U.S. $100,000                                                   December 8, 2000

         FOR VALUE RECEIVED, 9278 COMMUNICATIONS, INC., a corporation duly
organized and existing under the laws of the State of Delaware ("Maker"), hereby
promises to pay to the order of NASIR GHESANI ("Payee") the aggregate principal
sum of $100,000, in the amounts and on the dates set forth herein and to pay
interest on the unpaid principal balance hereof at the rates set forth in
Section 4 hereunder, until this promissory note (the "Note") is paid in full.

         1. This Note is being issued to the Payee in connection with an
Agreement and Plan of Merger, by and among Reliable Networks, Inc., the Payee,
Reliable Acquisition Corp. and the Maker, dated of even date herewith (the
"Merger Agreement"). Undefined capitalized terms which appear in this Note shall
have the definitions ascribed to them in the Merger Agreement. The principal
balance of this Note may be adjusted at any time, and from time to time by the
Maker, pursuant to Section 1.09 of the Merger Agreement.
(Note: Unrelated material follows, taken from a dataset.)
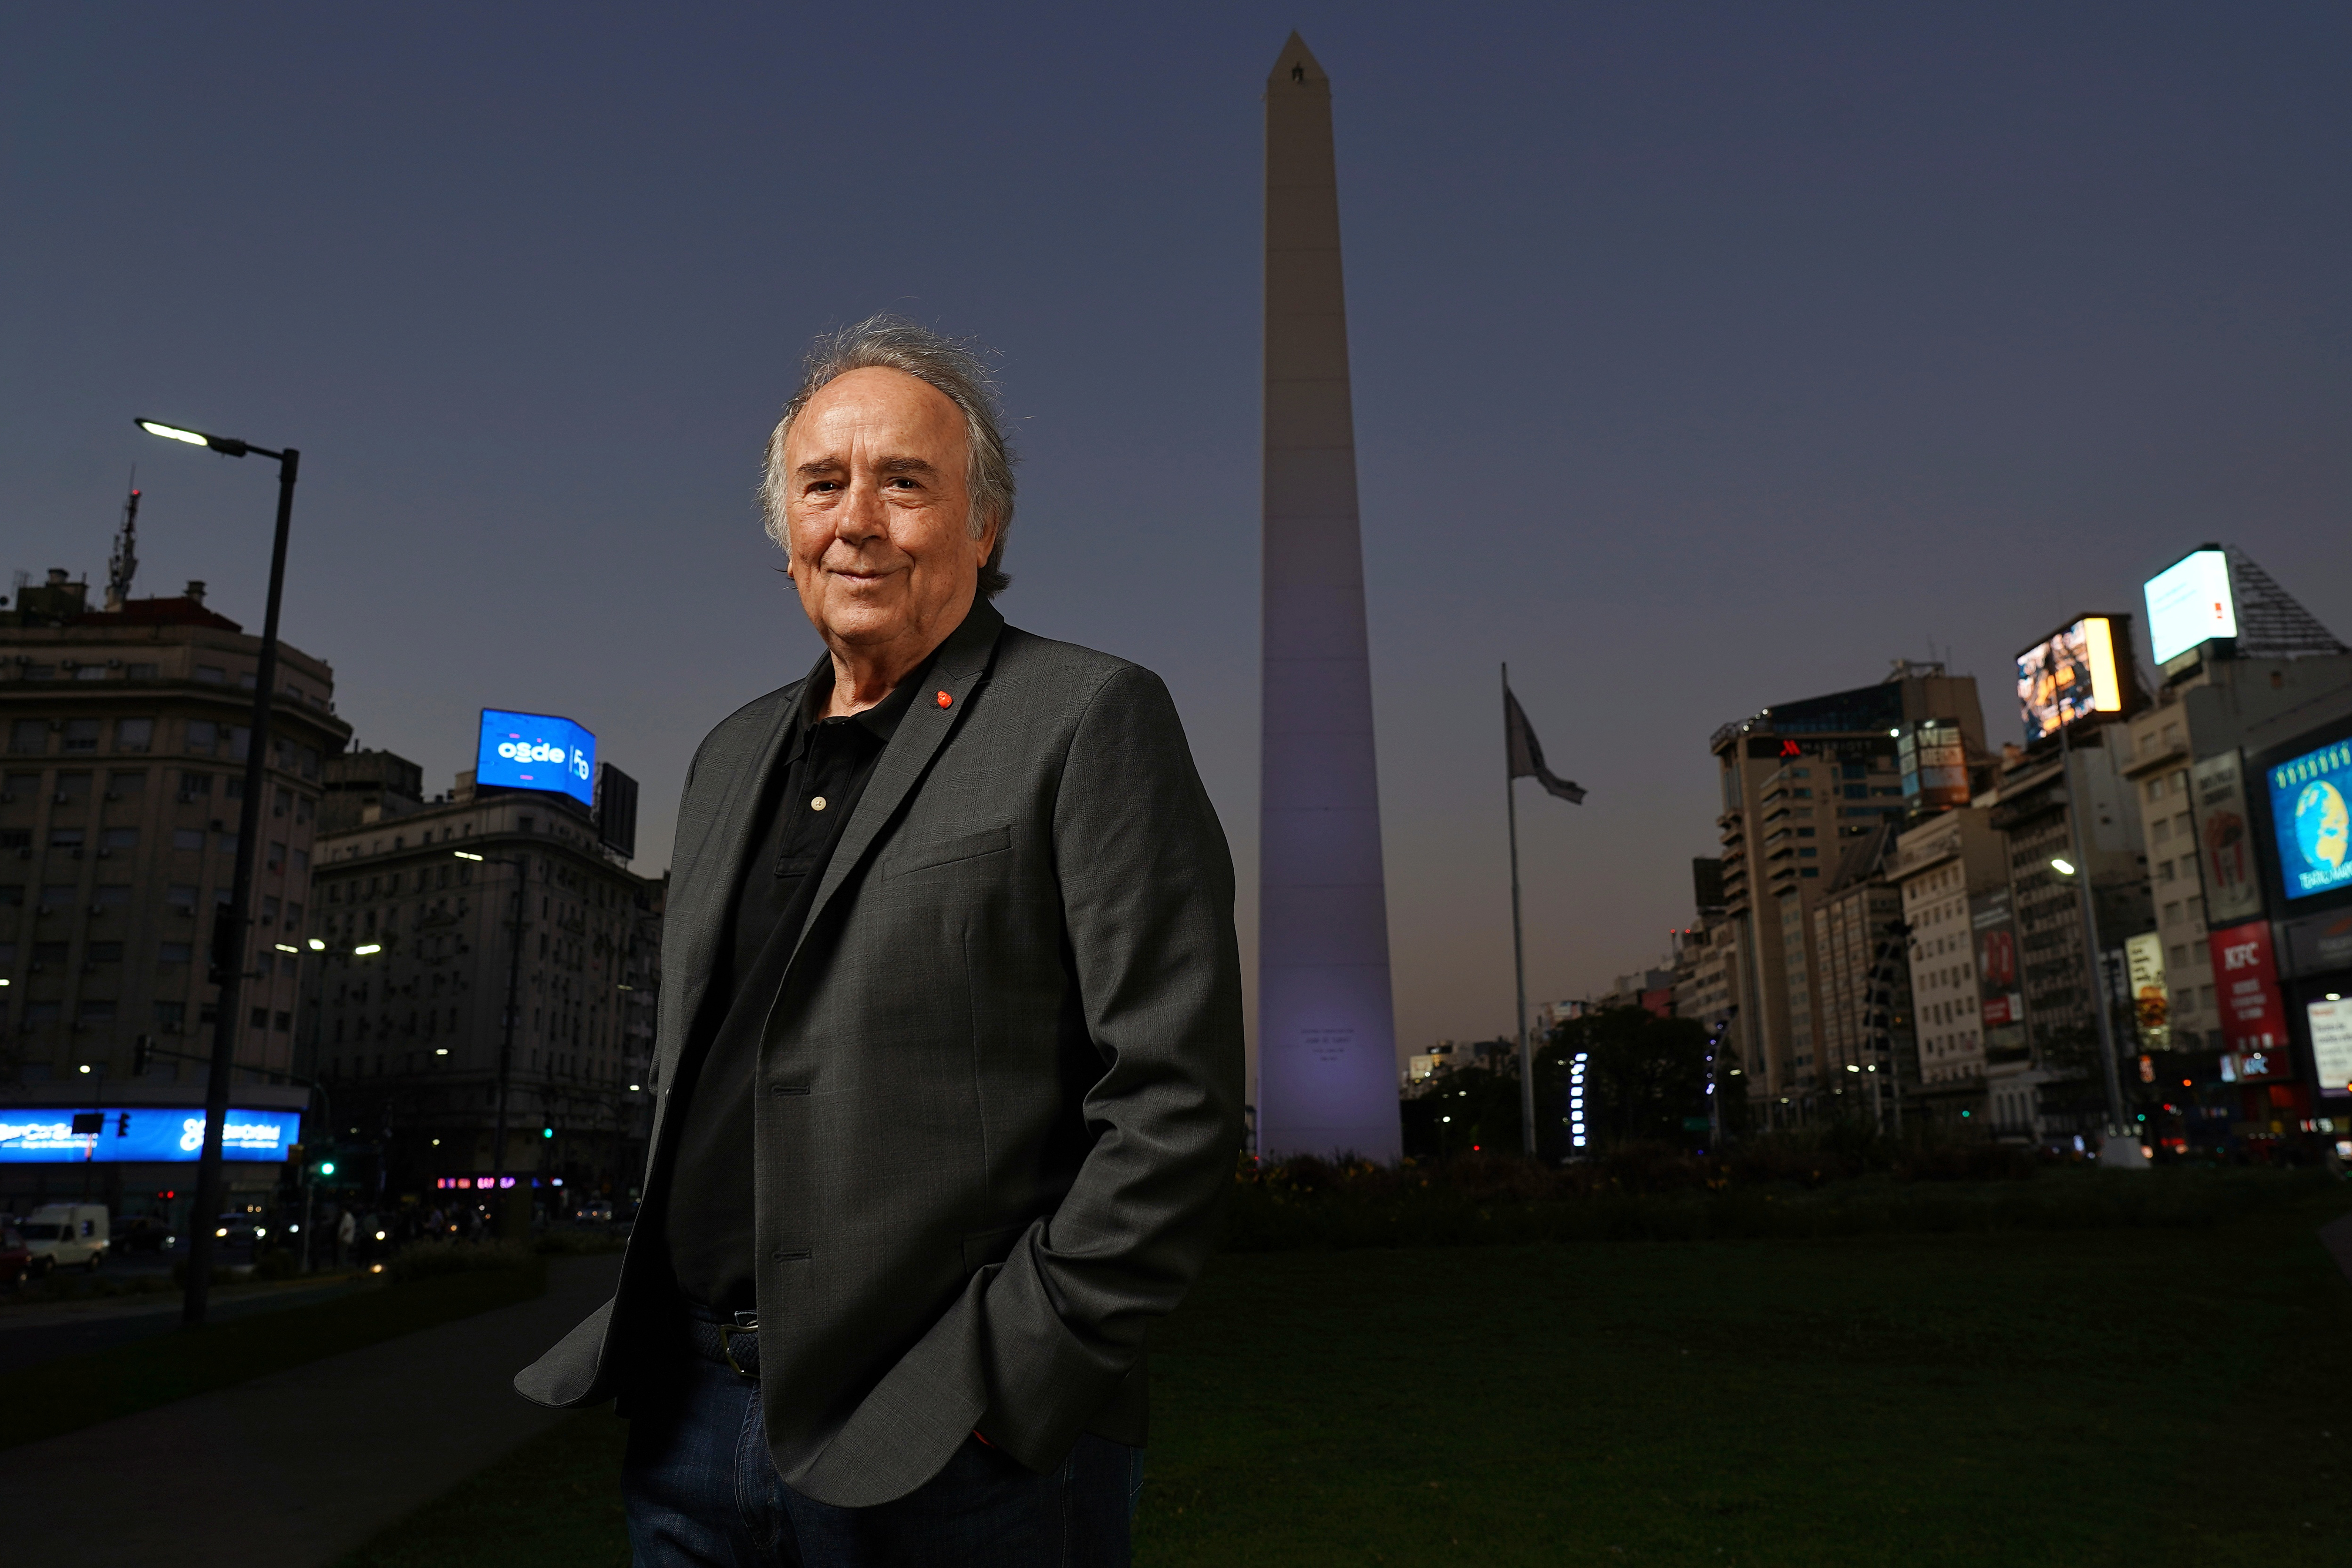 Serrat llegó a la Argentina para su última gira: “Vengo a despedirme de los escenarios y no a despedirme de la gente, ni del país ni del cariño que nos ha unido en los últimos 60 años de mi vida”. (Martín Bonetto. Blueteam)

In addition, the Maker
and Payee have entered into an Employment Agreement, dated of even date herewith
(the "Employment Agreement").

         2. Repayment of the principal and any accrued interest shall be made in
full ninety (90) days after the date hereof (the "Maturity Date"). In the event
that payment in full of the principal and any accrued interest has not been
received by the Payee on or prior to the Maturity Date, the Payee may at any
time thereafter, until such payment is received, in addition to any other rights
the Payee may have, give a thirty (30) day written notice to cure to the Maker
(the "Cure Period"). If the Maker does not cure within such Cure Period, by
paying all of the outstanding principal and accrued interest then due, then the
Payee shall have the option to give written notice of termination of the
Employment Agreement to the Maker, pursuant to Section 10.01 of the Merger
Agreement.

         3. If the Employment Agreement is terminated prior to the Maturity Date
by (i) the Maker for "Cause", pursuant to Section 6(c)(i) or (ii) thereof, or
(ii) voluntarily by the Payee without "Good Reason", as defined in Subsection
7(d) thereof, then, among other things, as set forth in Section 10.02 of the
Merger Agreement, the obligations of the Maker to make payments pursuant to this
Note shall terminate, and the parties hereto shall have no further obligation
hereunder. In such event, the Payee shall have the right to retain all payments
previously made by the Maker pursuant to this Note.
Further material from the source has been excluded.